Since the quarantine began in Venezuela in mid-March, Jaimes has spent his days juggling internet access, monitoring WhatsApp chats with the tasks the school sends, and working with each of his children.

Helping 8-year-old Gabriel with math even required him to relearn two- and three-digit division because, like many adults, he hadn’t in years.

“I have an internet that is not very good and when I don’t have it, I use the phone data,” said Jaimes, 33, in a room full of furniture and computers that Gabriel and his seven-year-old brother Mateo make a soccer field in the afternoon.

Children “need to do different things (…) one has to investigate and extract a summary and Gabriel was placed watching YouTube videos,” added Jaimes, who lives in the Andean city of San Cristóbal, near the border with Colombia. .

Jaimes is part of the Latin American mothers and fathers in times of coronavirus.

Although the difficulties are different among students in Latin America, the United Nations Children’s Fund (UNICEF) warned in March that “never have so many schools been closed at the same time.”

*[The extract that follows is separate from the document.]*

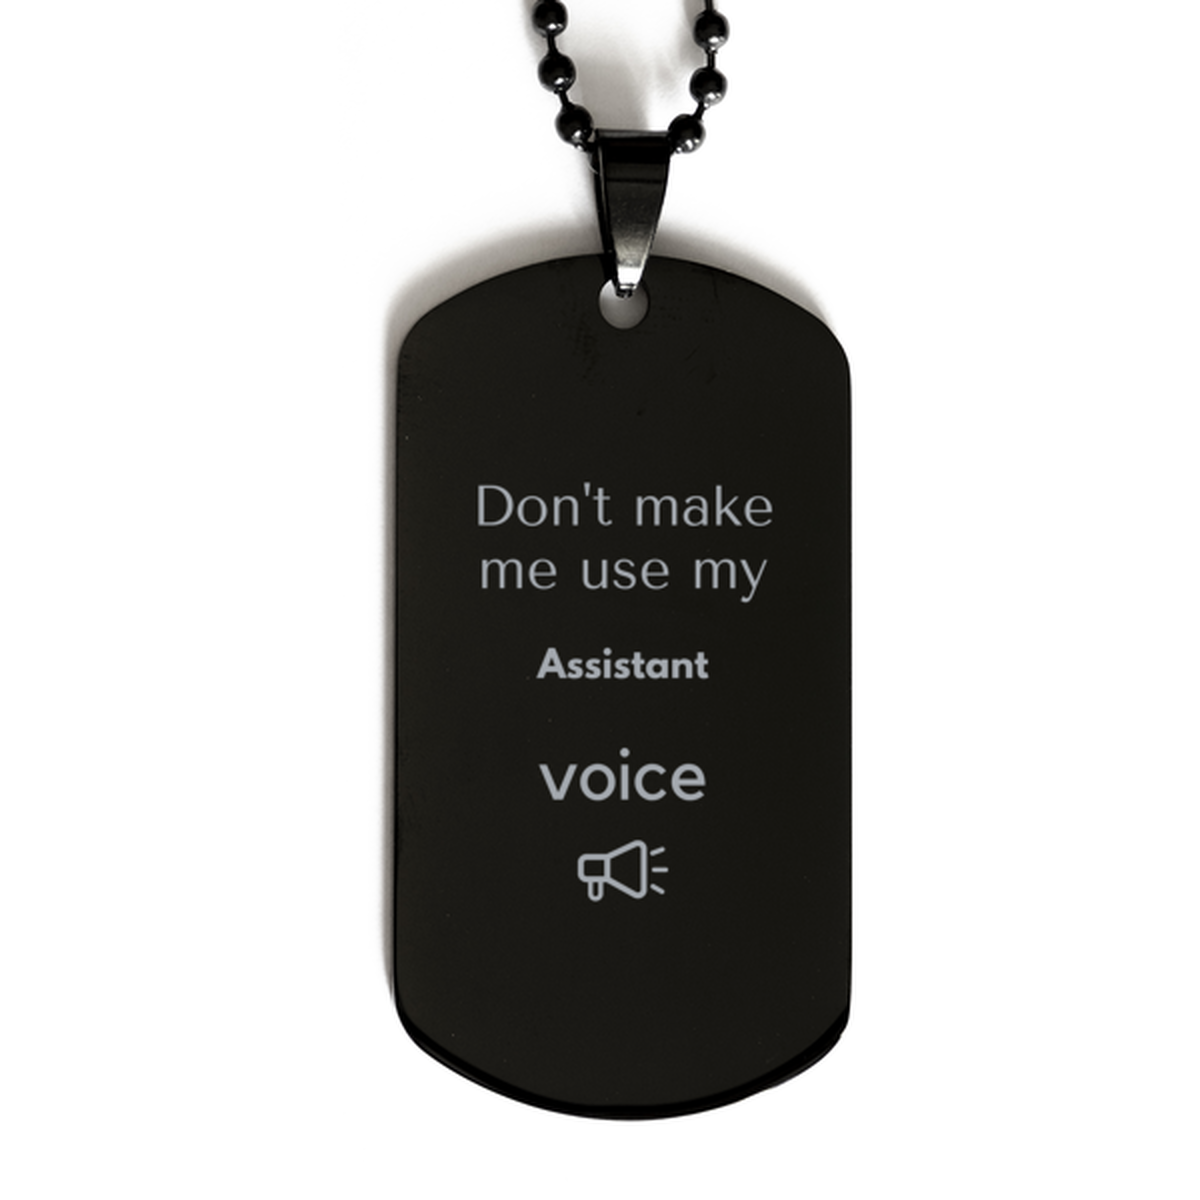 Don't make me use my Assistant voice, Sarcasm Assistant Gifts, Christmas Assistant Black Dog Tag Birthday Unique Gifts For Assistant Coworkers, Men, Women, Colleague, Friends

The spread of the virus, which caused many countries in the region to be quarantined, left at least 154 million children, or more than 95% of enrollment, outside of schools, according to UNICEF.

“If schools are further extended, there is a great risk that boys and girls will fall behind in their learning curve and that the most vulnerable students will not return to classrooms. It is vital that they do not stop learn from home, “said Bernt Aasen, UNICEF regional director for Latin America and the Caribbean.

In addition, highlighted the Fund, the closure of schools leads to the suspension of other key activities for children such as the school feeding service.

Throughout Latin America, rural areas and poor neighborhoods in cities either lack internet service or are very slow, making it difficult for the most vulnerable children to access the tasks they send via WhatsApp via smartphones.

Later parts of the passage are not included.